In John 17, Jesus prays to the Father that our love for one another will reflect the loving unity of the Trinity. In addition, through our loving unity, the world will come to believe that Jesus is for real. This is the way that God’s glory is put on display in creation.

Some associate the glory of God with power, God’s “omnipotence.” In this view, God’s glory is only for him. If anyone else is glorified, it is viewed as competition with divine glory. But this is the not the way that we are to understand the glory of God as revealed in Christ. Throughout the Gospel of John, Jesus’ crucifixion is depicted as the point when Jesus most glorifies the Father because Jesus most unambiguously puts the character or “name” of the Father on display while hanging on the cross. The “glory of God” is not about power. It’s about God’s other-oriented self-sacrificial character. God’s “glory” is simply the radiance of cruciform love.

The Father gives this “glory” to Jesus, and Jesus gives this “glory” to us. The call to reflect God’s other-oriented, self-sacrificial character is a call to make the Father’s “ame” known. Jesus displays the Father’s name by sacrificing everything for us, and we, in turn, display the Father’s name as we sacrifice for others. To the degree that we love each other like this, our loving unity will reflect the loving unity of the triune God.
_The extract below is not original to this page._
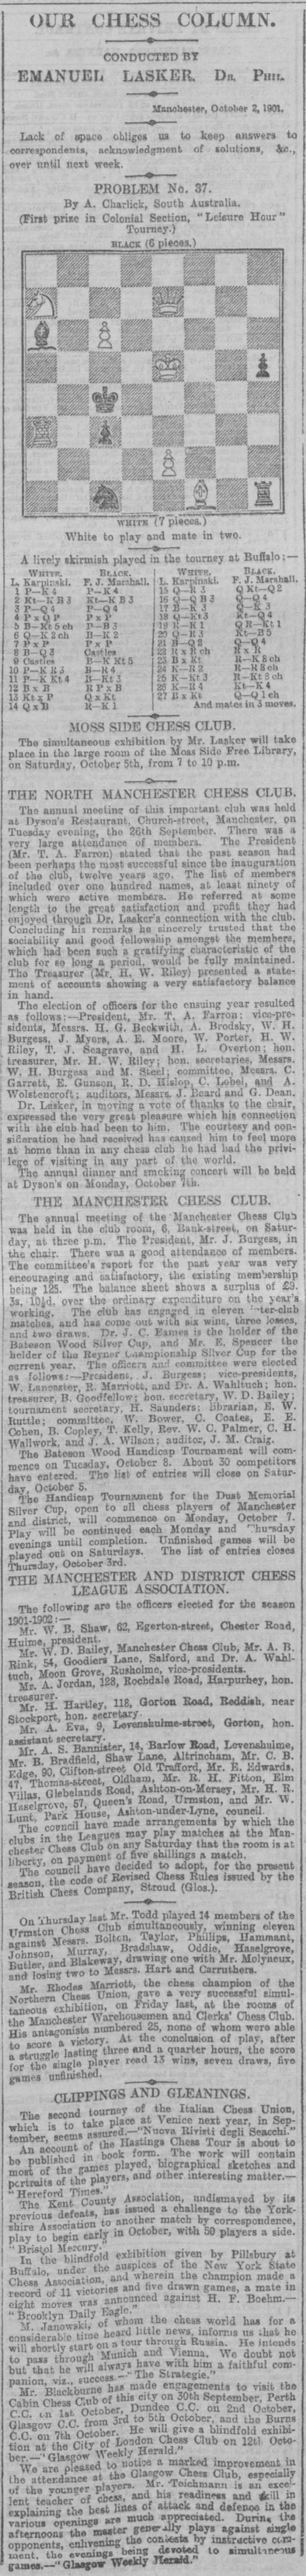 1901.10.02-01 Manchester Evening News.jpg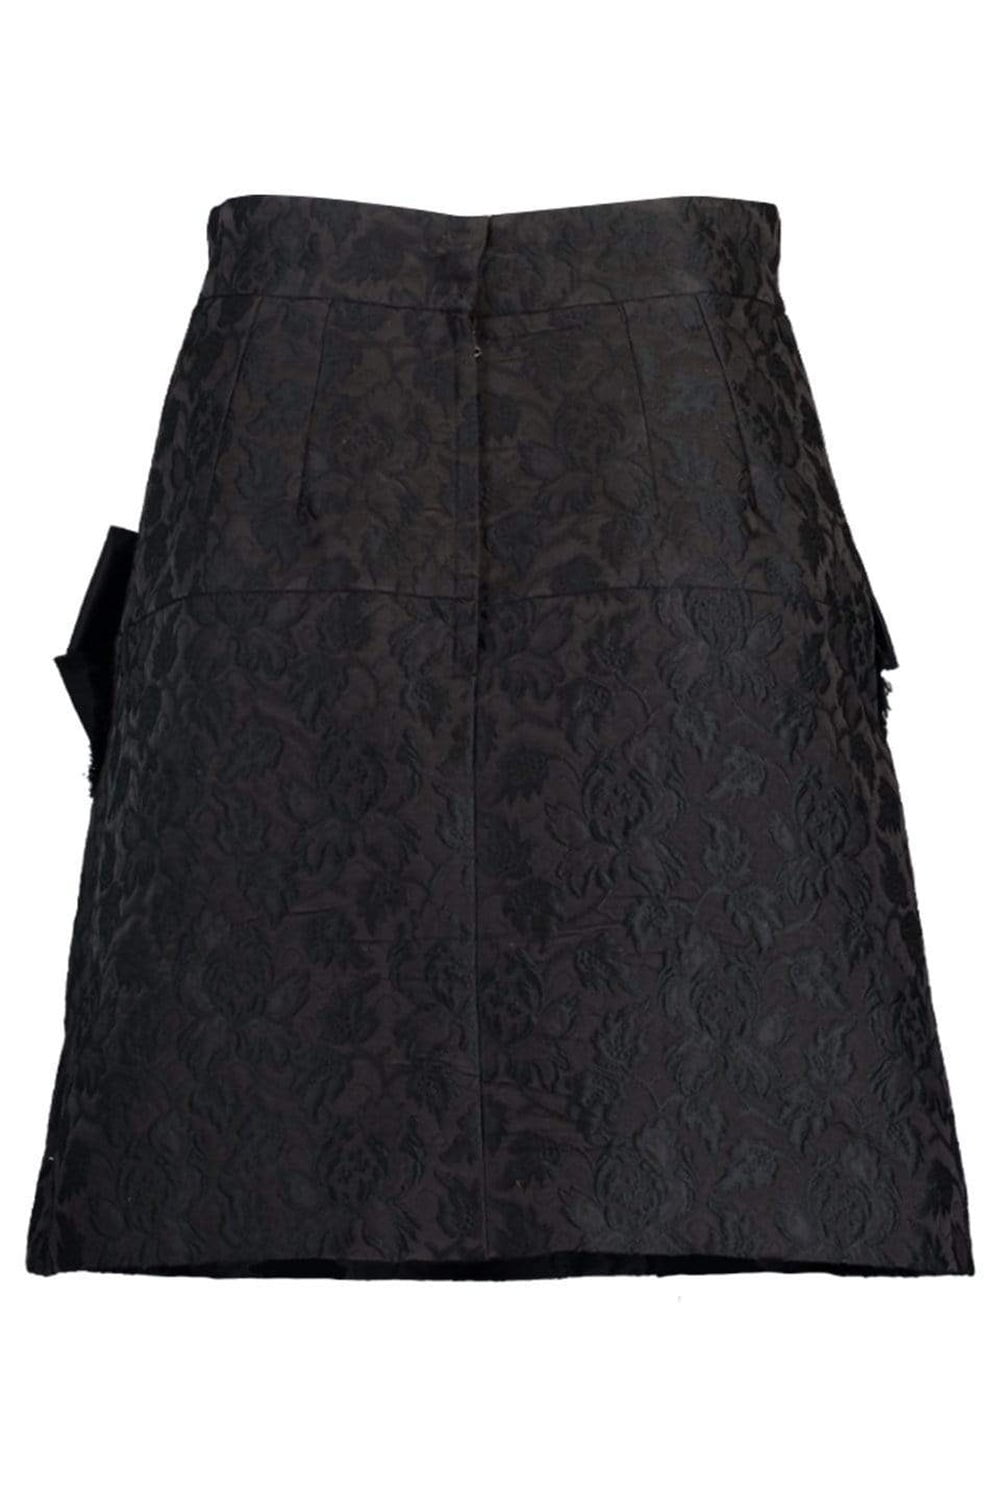 DOLCE & GABBANA-Embellished Skirt-BLACK

Not only are we challenged to mirror God’s cruciform love, we are called to participate in it. In the church tradition, the three persons of the Trinity are said to dwell in each other, which is described as “perichoresis.” The Father, Son and Spirit give themselves fully to each other and open themselves fully to each other to the point that they dwell in each other.

Jesus applies this same indwelling language to us. The way we love should not only reflect the perichoretic nature of the triune God, but is also actually participating in God’s perichoretic love. When we believe, we are placed “in Christ,” which denotes a real, ontological, metaphysical change in our status. We are placed “in Christ,” and in Christ we are blessed with every spiritual blessing in the heavenly places. In Christ we were chosen before the foundation of the world to be holy and blameless before him in love. Our perichoretic dwelling in Christ and Christ’s perichoretic dwelling in us reflects and participates in perichoretic indwelling of the three persons of the Trinity.

According to 2 Peter 2:4, God has given us his precious and very great promises, which empower us to escape the corruption of the world and become participants in the divine nature. We don’t become God, but we do participate in God’s triune love, and this is the point of everything: God’s loving perichoretic nature refracted throughout the cosmos so that the whole creation might participate in God’s glory. God’s love is directed to us, dwelling in us, and flowing through us—back to God, to ourselves, to other humans, to earth and to the animal kingdom. This is what God has been working toward from the start, and it is the goal of all creation.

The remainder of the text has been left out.